Today I watched a Malayalam movie called Koode by Anjali Menon. A very beautiful movie and in that there is a character called Jenny. And Jenny is the life of the movie. She tells a very poignant dialogue. She says you can act only in two ways. One duty, other love. If you are doing something out of love it is simple. But if you are doing something as duty it is complicated. It is like telling yourself you have to do this because you are supposed to do this.
Actually this dialogue really made me think about BP, Pooja's diary and then pen my thoughts on the same. Sakshi says after the abortion Pooja's love for Adi died and she did only duty. Was it really. Have she ever loved him. Or she was dutiful towards him. Dutiful as a friend, dutiful as a wife. Same with Yash. Did he love his mom, sis or Zoya or was dutiful towards them.

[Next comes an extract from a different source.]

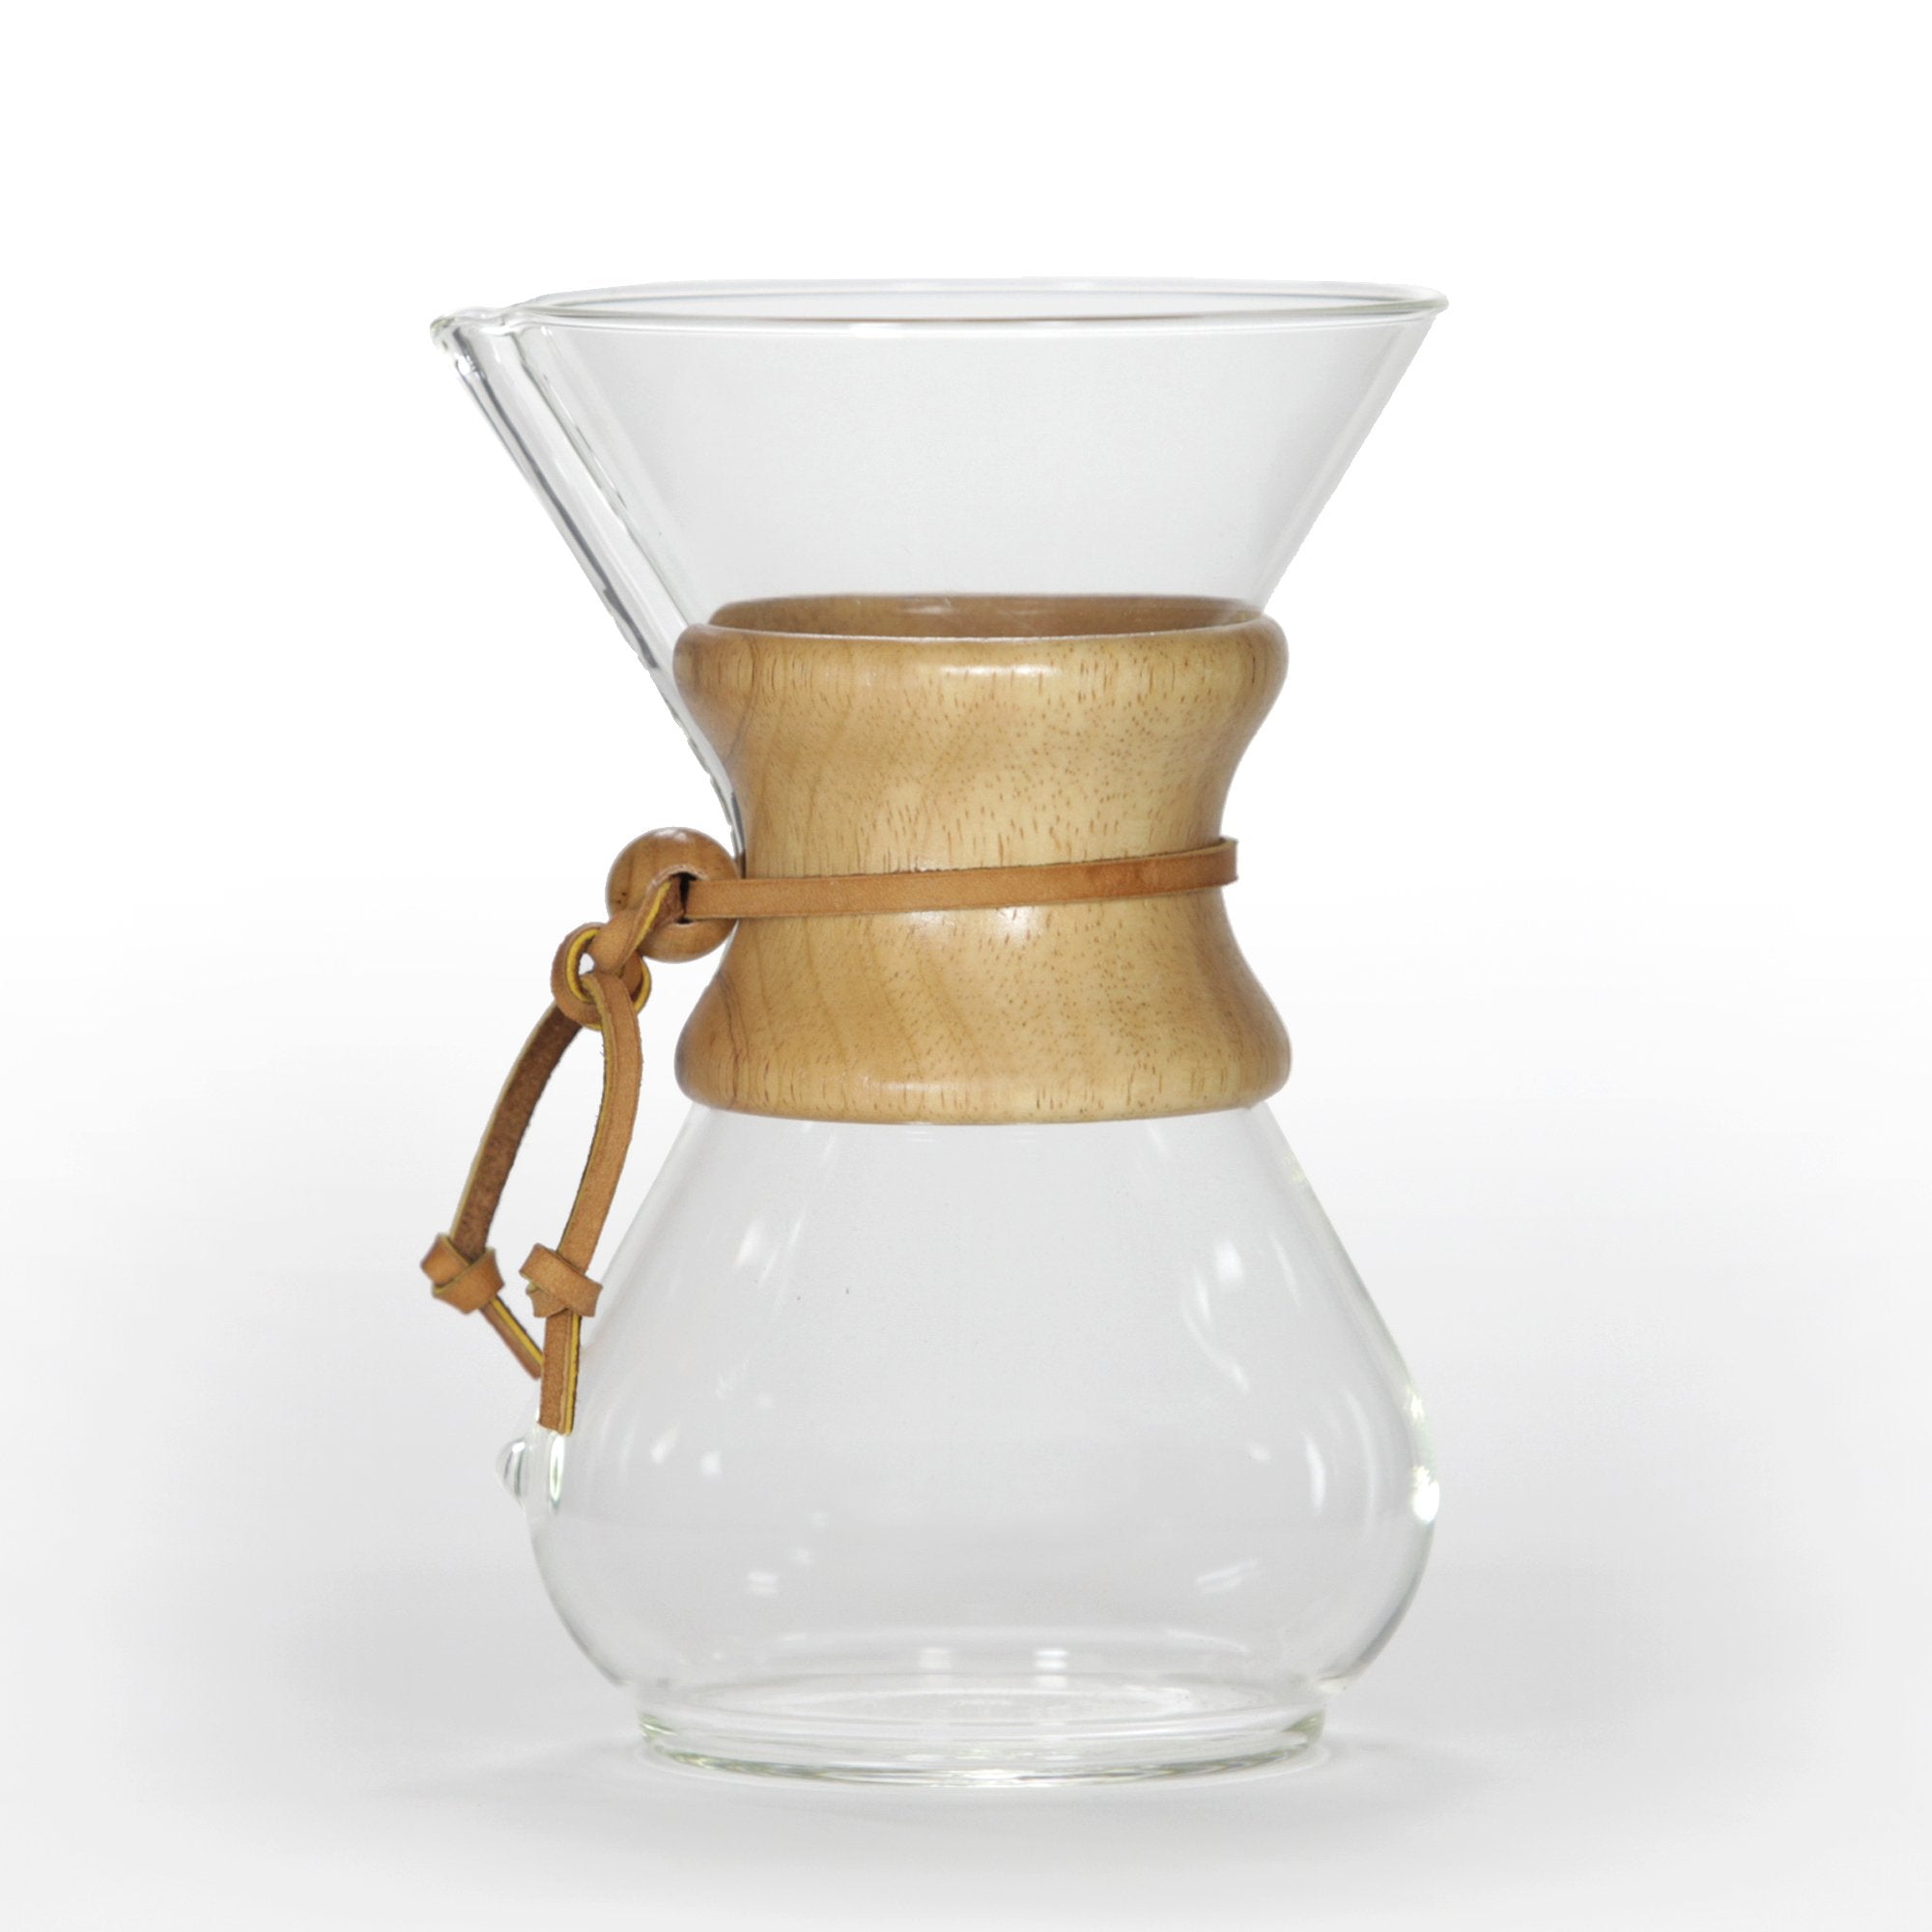 CHEMEX COFFEE MAKER 8 CUP – Lofty Coffee

Do you know what is the problem with dutiful. It follows a checklist, someone has set at some point of time. May not be relevant to today's times. But then to perceive yourself good in front of the society you follow the checklist, burning yourself. Pooja followed the checklist of being a friend and wife. Doing homework, leaving her ambition to be with adi in the same college, not working and taking care of him. In that way she was doing things some of which she didnt wanted to do, but the checklist of a friend or wife demanded she do. Same with Yash, there were things he didnt wanted to do, but the checklist of being a good son, brother, husband demanded he do. They were burnt out and took their anguish outside which resulted in the break up of the marriage.
Now love. Love doesnt have a template. it doesnt follow any checklist. And when i say that I am not limited love to the romantic relationship, I am talking about love in all forms. Love finds way, when there seems no way, love take trouble as if it doesnt matter, love gives happily because that is what you feel like giving. And Adiya from day one has loved. Unconventionally. Zoya leaving her parents for yash was her love, that imperfect heart was her love. The 5 crore Adi gave to Pooja was his love, the special salwar he stitched for her was his love, the holiday he planned for her was love. The fact that he wanted her to do art exhibitions across the country was his love. But then that love didnt follow the checklist of how a husband should be. The duty bound Pooja and Yash who followed the checklist for playing their roles didnt understand love is beyond those checklist.
And why Adiya understand is that they dont folllow checklist. With a call Aditya, Zoya made Adi drive the car again. That's love. He made her stand in front of the world and claim the award, that is love, the most beautiful transformational power of love. Zoya walked to Aditya with the pregnancy report, she worried for him the whole night that is love. He gave statement proving Yash innocent that's love and even bringing that ring to Zoya was love. He didnt regret doing anything for Zoya, she didnt regret doing anything for him. Even she didnt regret her marriage with Yash and took the learnings and made him not regret his marriage to Pooja. That's love.
Love is beyond duty, but since love cannot be seen but only felt only people who have loved understand love when they see it. Duty can be seen, love only felt. But does that mean you need not be dutiful. No. Life is somewhere between duty and love. It needs to be balanced out. You have to know the checklist. But time and circumstance decide whether you follow the checklist or you follow your heart. And let the duty never burn you, and let your love doesnt burn others. Learn to manage duty and love.